А  Б  В  Г  Д  Е  Ж  З  И  Й  К  Л  М  Н  О  П  Р  С  Т  У  Ф  Х  Ц  Ч  Ш  Щ  Э  Ю  Я  

 

Он тут же прервал
анфлераж, убрал труп и спрятал кусочек ароматизированного жира
в котел, где его тщательно промыл. Он дистиллировал алкоголь,
пока его не осталось с наперсток, и этот остаток вылил в
крошечную стеклянную пробирку. Духи отчетливо пахли влажной,
свежей, блестящей собачьей шкурой; запах был резким, даже
поразительно резким. И когда Гренуй дал его понюхать старой
суке с бойни, она разразилась лаем, и завизжала, и не хотела
отрывать ноздри от стеклянной пробирки. Но Гренуй плотно закрыл
ее, положил в карман и еще долго носил при себе как
воспоминание о том дне триумфа, когда ему впервые удалось
отобрать благоухающую душу у живого существа.
Потом, очень постепенно и с величайшей осторожностью, он
приступил к людям. Под прикрытием своего легкого запаха
невзрачности он по вечерам толкался среди завсегдатаев "Четырех
Дофинов" и под столами, и скамьями, и в укромных закутках
прицеплял обрывки пропитанной маслом или жиром материи. Через
несколько дней он собирал их и исследовал. Действительно, они
наряду со всеми возможными кухонными испарениями и запахами
табачного дыма и вина выдыхали немного человеческого аромата.
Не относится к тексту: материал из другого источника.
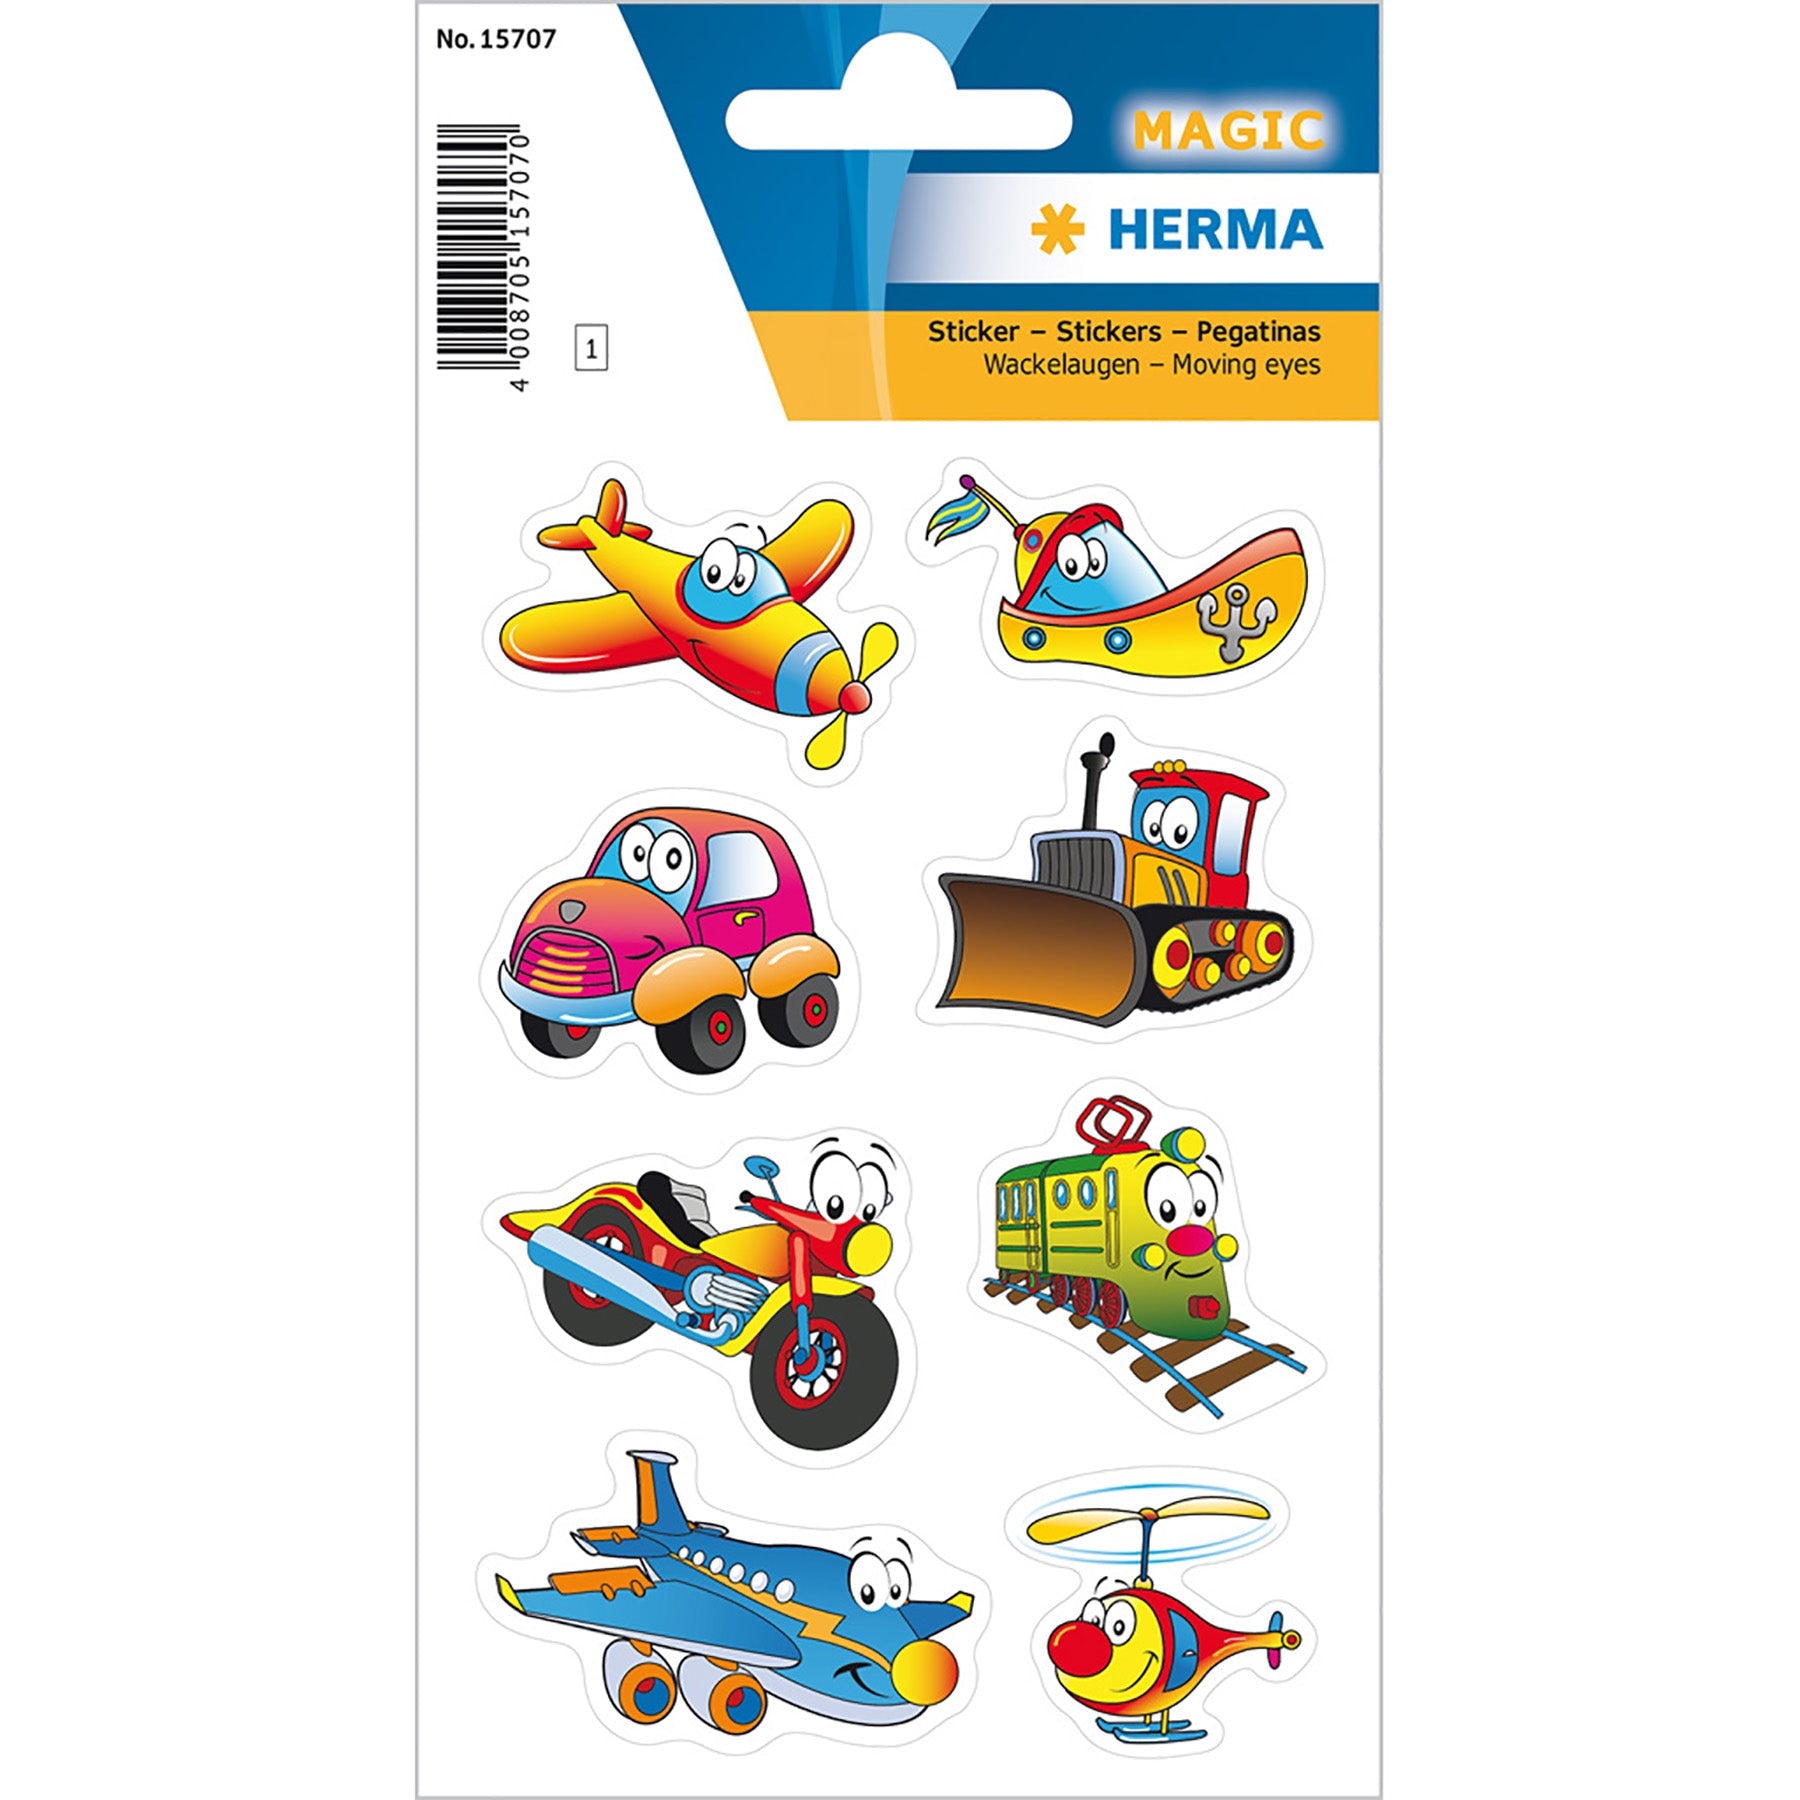 Herma Magic Stickers Vehicules with Nodding Eyes 4.75x3.1in Sheet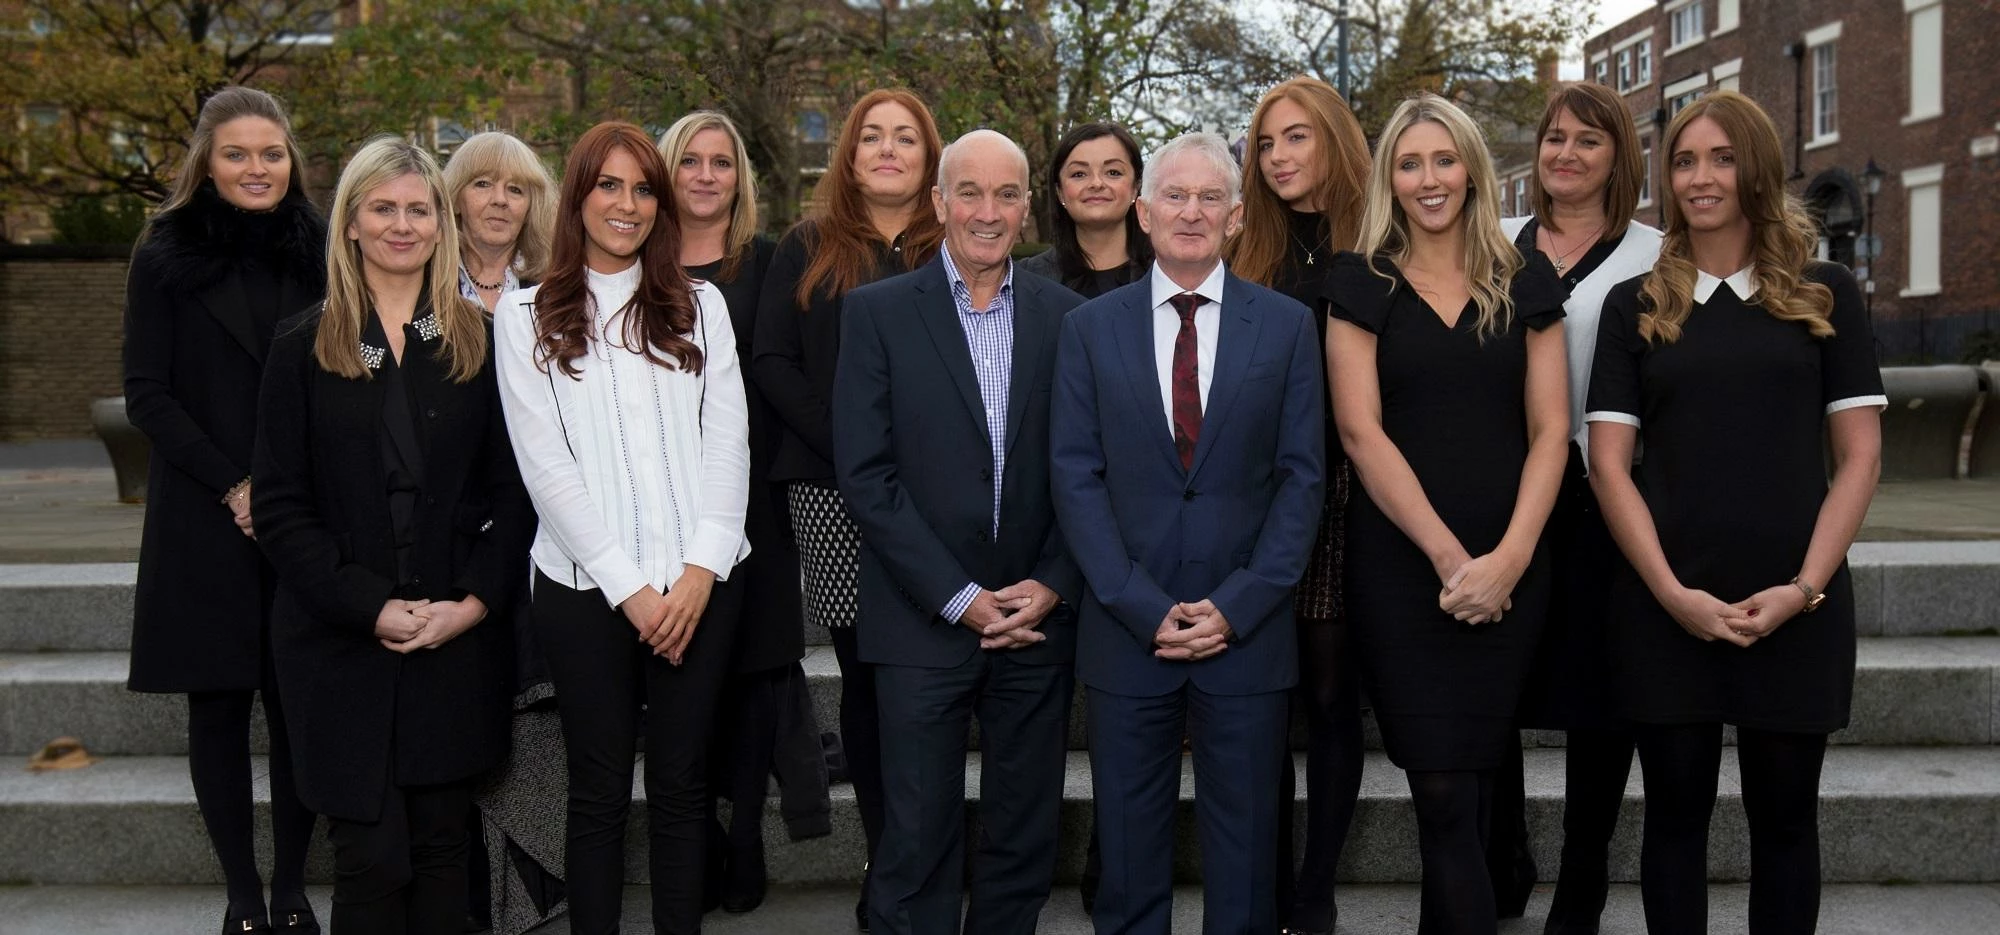 The residential conveyancing team at Paul Crowley & Co

Но он оставался очень расплывчатым и завуалированным - скорее
общим ощущением смрада, чем личным запахом. Ту же ауру
человеческой массы, но более чистую и сублимированную в
возвышенно-потливое качество, можно было получить в соборе, где
Гренуй 24 декабря развесил под скамьями свои пробные флажки и
откуда забрал их 2, декабря, после того как над ними было
отсижено не меньше семи обеден. На этих обрывках ткани,
впитавшей атмосферу собора, запечатлелся жуткий конгломерат
запахов прогорклого пота, менструальной крови, влажных впадин
под коленами и сведенных судорогой рук, смешанных с
отработанным воздухом дыхания тысяч поющих хором и шепчущих
молитвы глоток, и с тяжелыми вязкими парами ладана и мирры,
жуткий в своей облачной бесформенности, вызывающей тошноту
сгущенности и все-таки уже узнаваемо человечий. Первый
индивидуальный запах Гренуй раздобыл в богадельне. Ему удалось
украсть предназначенные собственно, для сожжения простыни
одного только что умершего от чахотки подмастерья кожевенника,
в которых он пролежал завернутым два месяца. Полотно так сильно
пропиталось сальными выделениями кожевенника, что впитало его
испарения, как паста для анфлеража, и его можно было прямо
подвергнуть отмывке. Результат был кошмарный: под носом Гренуя
из раствора винного спирта кожевенник восстал из мертвых, и его
индивидуальный обонятельный портрет, пусть схематический,
искаженный своеобразным методом репродуцирования и
многочисленными миазмами болезни, но все же вполне узнаваемый,
проступил в воздухе помещения: маленький человек лет тридцати,
блондин с широким тупым носом, с короткими руками, плоскими
сырными ступнями, набухшим членом, желчным темпераментом и
дурным запахом изо рта, этот кожевенник не отличался красотой,
не стоило сохранять его, как того маленького щенка. Но все-таки
Гренуй целую ночь позволил привидению носиться по своей хижине
и то и дело подцеплял его нюхом, счастливый и глубоко
удовлетворенный чувством власти, которую он обрел над аурой
другого человека. На следующий день он вытряхнул его вон.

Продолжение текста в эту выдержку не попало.